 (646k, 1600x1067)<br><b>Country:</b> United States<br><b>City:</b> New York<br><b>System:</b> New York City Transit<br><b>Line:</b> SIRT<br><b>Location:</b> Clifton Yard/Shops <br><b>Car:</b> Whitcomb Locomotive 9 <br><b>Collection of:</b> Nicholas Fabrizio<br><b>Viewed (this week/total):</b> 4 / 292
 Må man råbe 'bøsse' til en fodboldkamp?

======

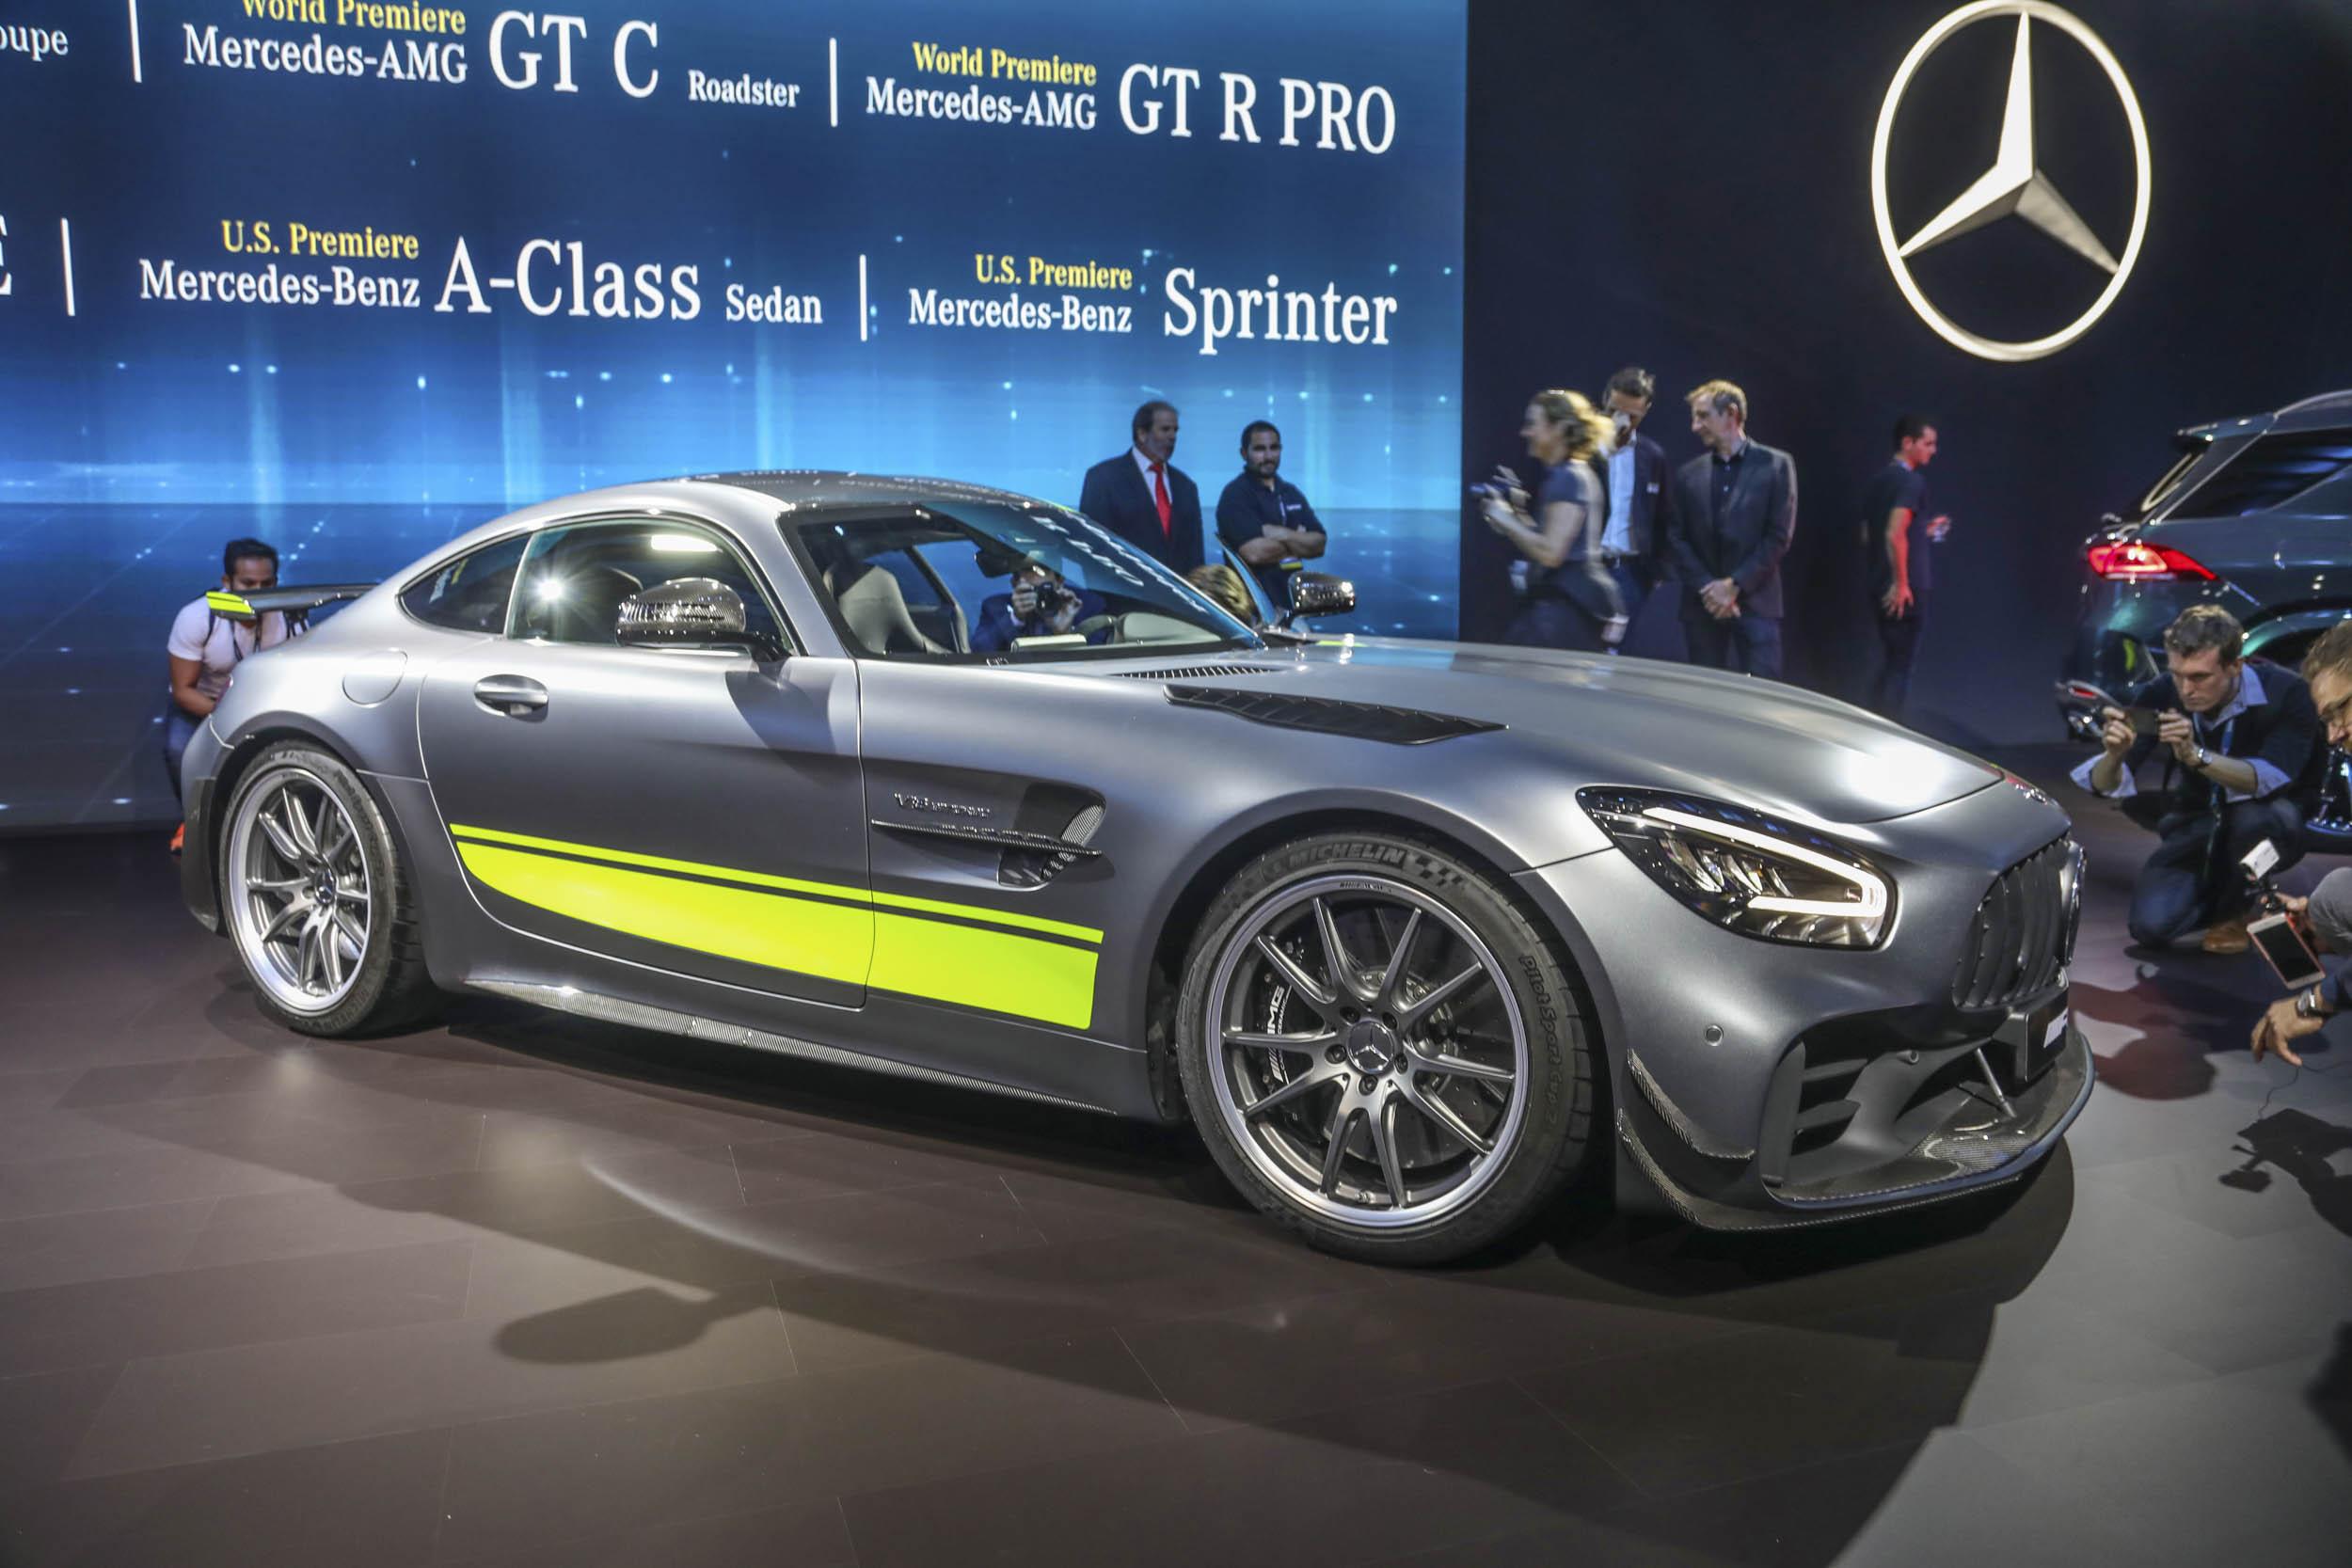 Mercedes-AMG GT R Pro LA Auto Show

======

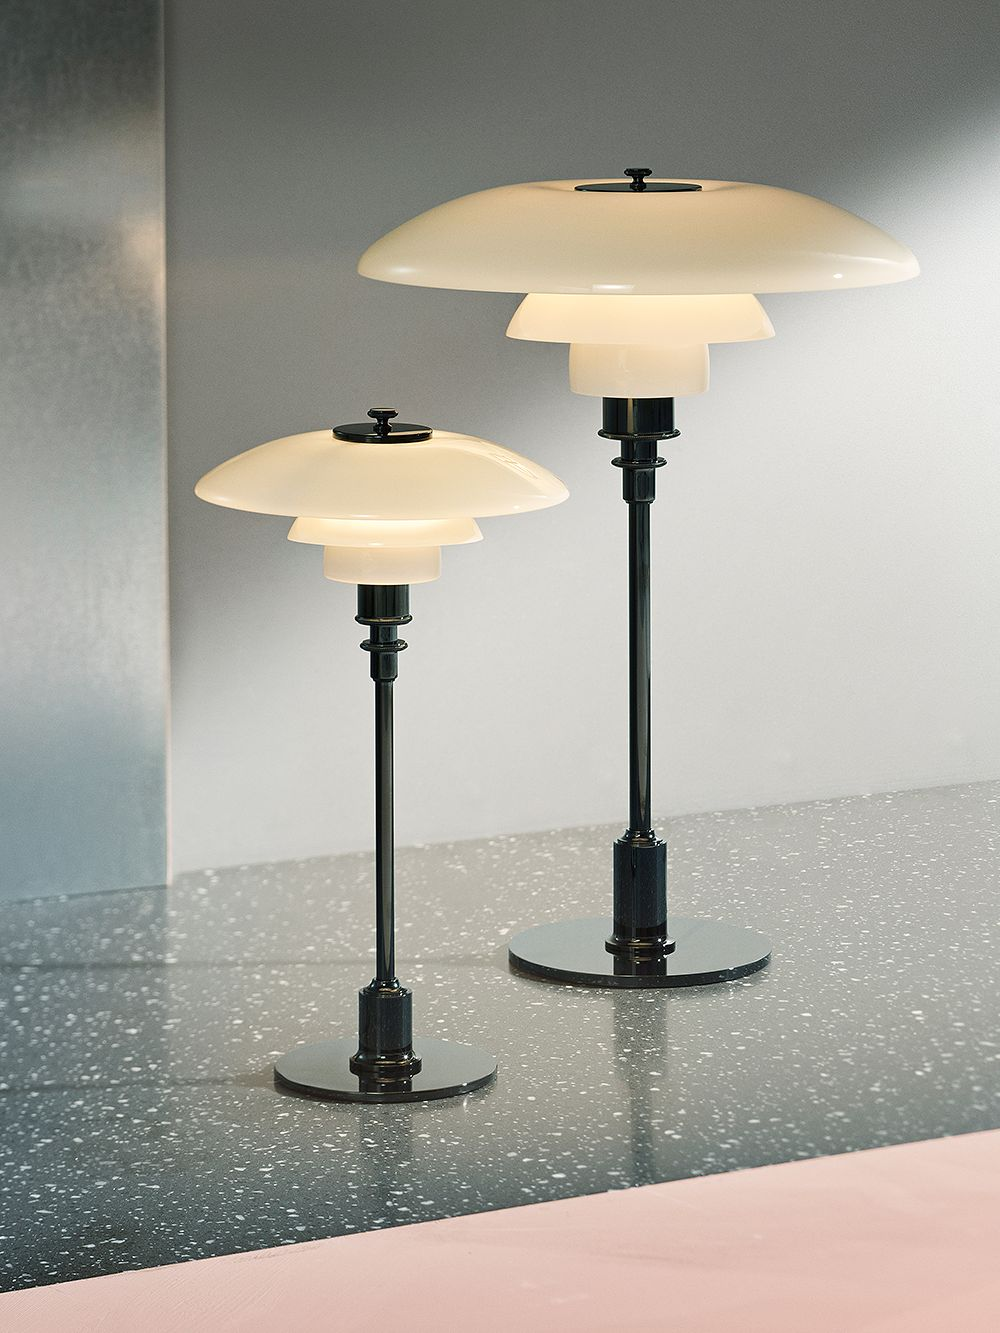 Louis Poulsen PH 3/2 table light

======

[Problem statement]
Above this instruction are the records; retype exactly the lines from the one containing "(646k, 1600x1067)<br><b>Country:</b> United" up to and including the one containing "Må man råbe 'bøsse' til en fodboldkamp?".

[Reply]
 (646k, 1600x1067)<br><b>Country:</b> United States<br><b>City:</b> New York<br><b>System:</b> New York City Transit<br><b>Line:</b> SIRT<br><b>Location:</b> Clifton Yard/Shops <br><b>Car:</b> Whitcomb Locomotive 9 <br><b>Collection of:</b> Nicholas Fabrizio<br><b>Viewed (this week/total):</b> 4 / 292
 Må man råbe 'bøsse' til en fodboldkamp?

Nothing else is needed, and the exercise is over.